18 mile round trip in a kayak in one day starting at charlies on lane road, to steamboat pass, then running out of juice on my new trolling motor so i had to paddle around tirnstake island and about 9 miles back to charlies down the intercoastal. I never should have trusted that battery meter. Almost got flipped three times on the way back in the canal by barges. It cost lots of energy but i gained some knowlege that day. "dont use a trolling motor to go further than you plan on paddling back"
No way was i calling anyone, i wanted to do it the hard way so i wouldnt make that mistake twice. I keep it within 5 miles now


-mac-


----------



## yakfinaddict (Jan 25, 2010)

Didn't happen to me, but I've heard the story MANY times.
Had three friends plan a fishing trip to Indianola. Two of them went to Academy the day before and got their CCA membership plus STAR entry, the other guy didn't. Short story is the guy that didn't get his entry caught a tagged red, he would have been the second guy to catch, so boat plus truck. This story makes me sick when I think about it!!!!!!!!


----------



## Trouthappy (Jun 12, 2008)

Been bumped out of first place kingfish four times—either by one ounce, or another fish weighed at the last minute that was a pound bigger, or by getting towed into another port. Another time we had a boat's inboard engines both somehow get what the skipper described as "vapor lock" for two hours, within sight of Galveston, before they both cranked back up.


----------



## kelly thomas (Jul 10, 2007)

Most costly mistake was buying a boat - but it's been the most fun mistake I've made.


----------



## FishinAG22 (Apr 9, 2011)

I lost my tackle bag this past friday. It must of bounced out of my buddies low sided "devil boat". I started replacing the items over the weekend and between a new tackle bag, pliers, and more line I have made it to $100 and thats not counting any tackle, lures, etc. So I am thinking that trip cost me an easy $300 mistake. We tried looking for it but it must of sunk already or someone made a nice find of a bright blue tackle bag.:headknock

Not to mention my other buddy had his $200 Oakleys blow off his face while we were running.

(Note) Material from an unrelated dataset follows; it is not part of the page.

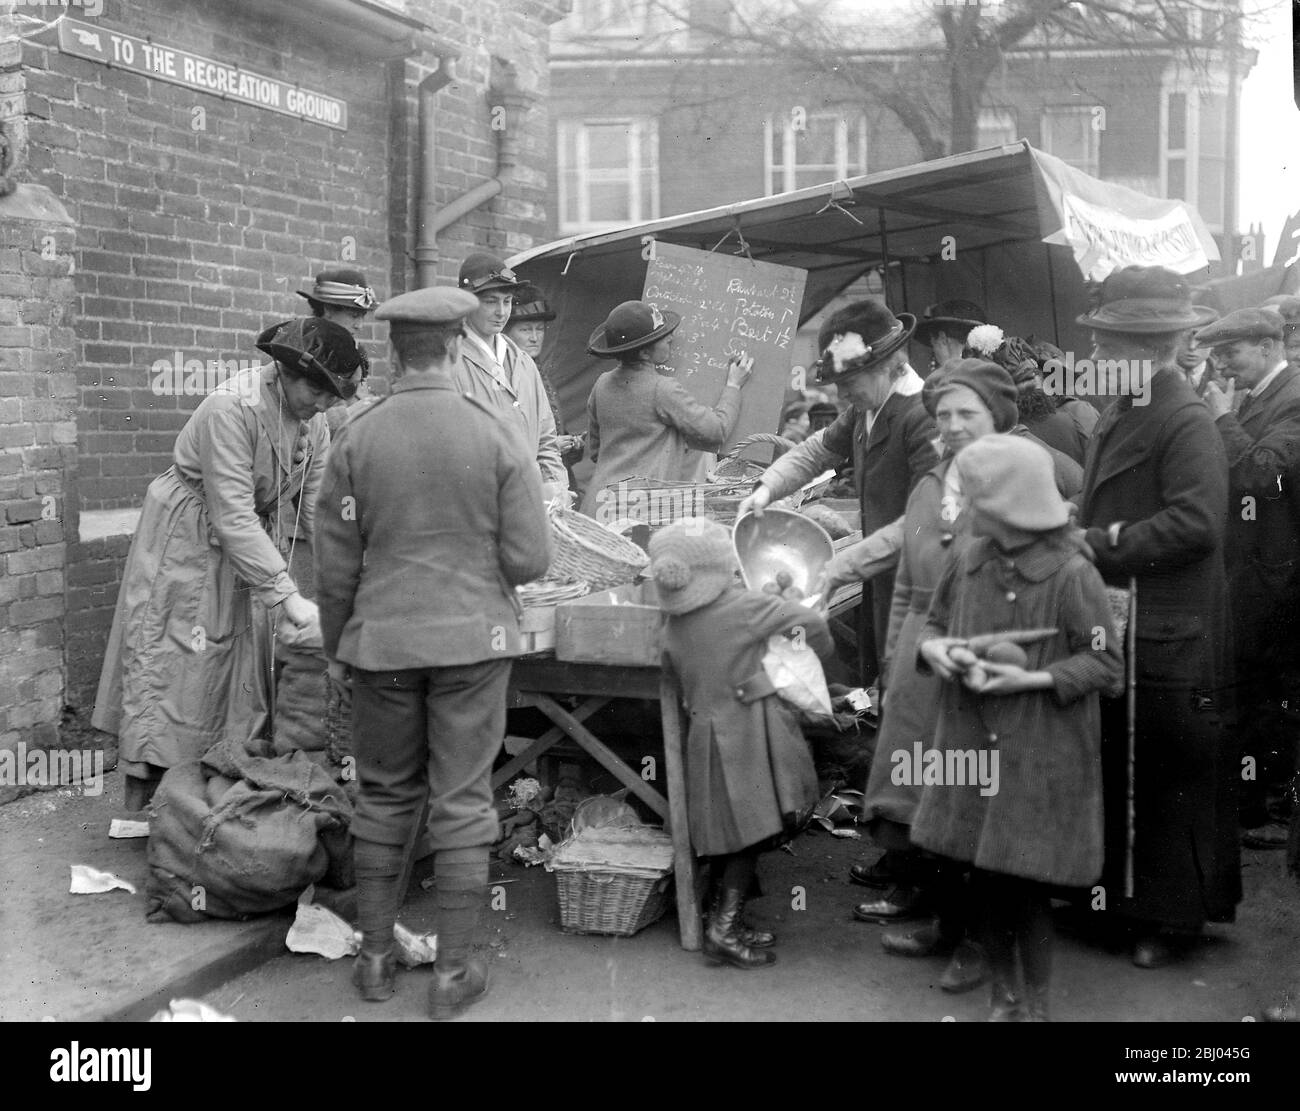 Lady Petre has opened a stall in Chelmsford Market to bring more produce into the town during the scarcity. - 23rd February 1918 Stock Photo

Moral of the story is when its blowing 35mph from the South, STAY HOME!


----------



## ANYBDYHERE (Mar 16, 2007)

Fished Brush to Bay Tourney last year... We had an "ok" day.. We had 1 trout that was 4.9 pounds and 1 red that was 6.1. That was really all we had, the others felt we didnt have a chance and wanted to get cleaned up before the weigh in, so, we decided not to weigh in. Well as luck would have it, we were listening for the first place trout weight "1st place trout 4.6 lbs":headknock..Then a bit later the redfish division " 5.7 lbssad4sm. Need less to say, those 2 fish were worth $3500. We were a little upset by this but we sure did put a hurtin on that bottle of Crown that night. ALWAYS weigh in!!


----------



## southpaw (Feb 25, 2009)

My most costly mistake was getting addicted to chasing fish. Thousands of dollars later I built up a massive collection of reels, an assortment of expensive rods, a room full of tackle, a boat, and countless other **** only to realize that I only primarily use 2 rod and reel combos and a handful of lures that I'm confident in or my fly rod, which has become my new addiction.


----------



## fishingcacher (Mar 29, 2008)

southpaw said:


> My most costly mistake was getting addicted to chasing fish. Thousands of dollars later I built up a massive collection of reels, an assortment of expensive rods, a room full of tackle, a boat, and countless other **** only to realize that I only primarily use 2 rod and reel combos and a handful of lures that I'm confident in or my fly rod, which has become my new addiction.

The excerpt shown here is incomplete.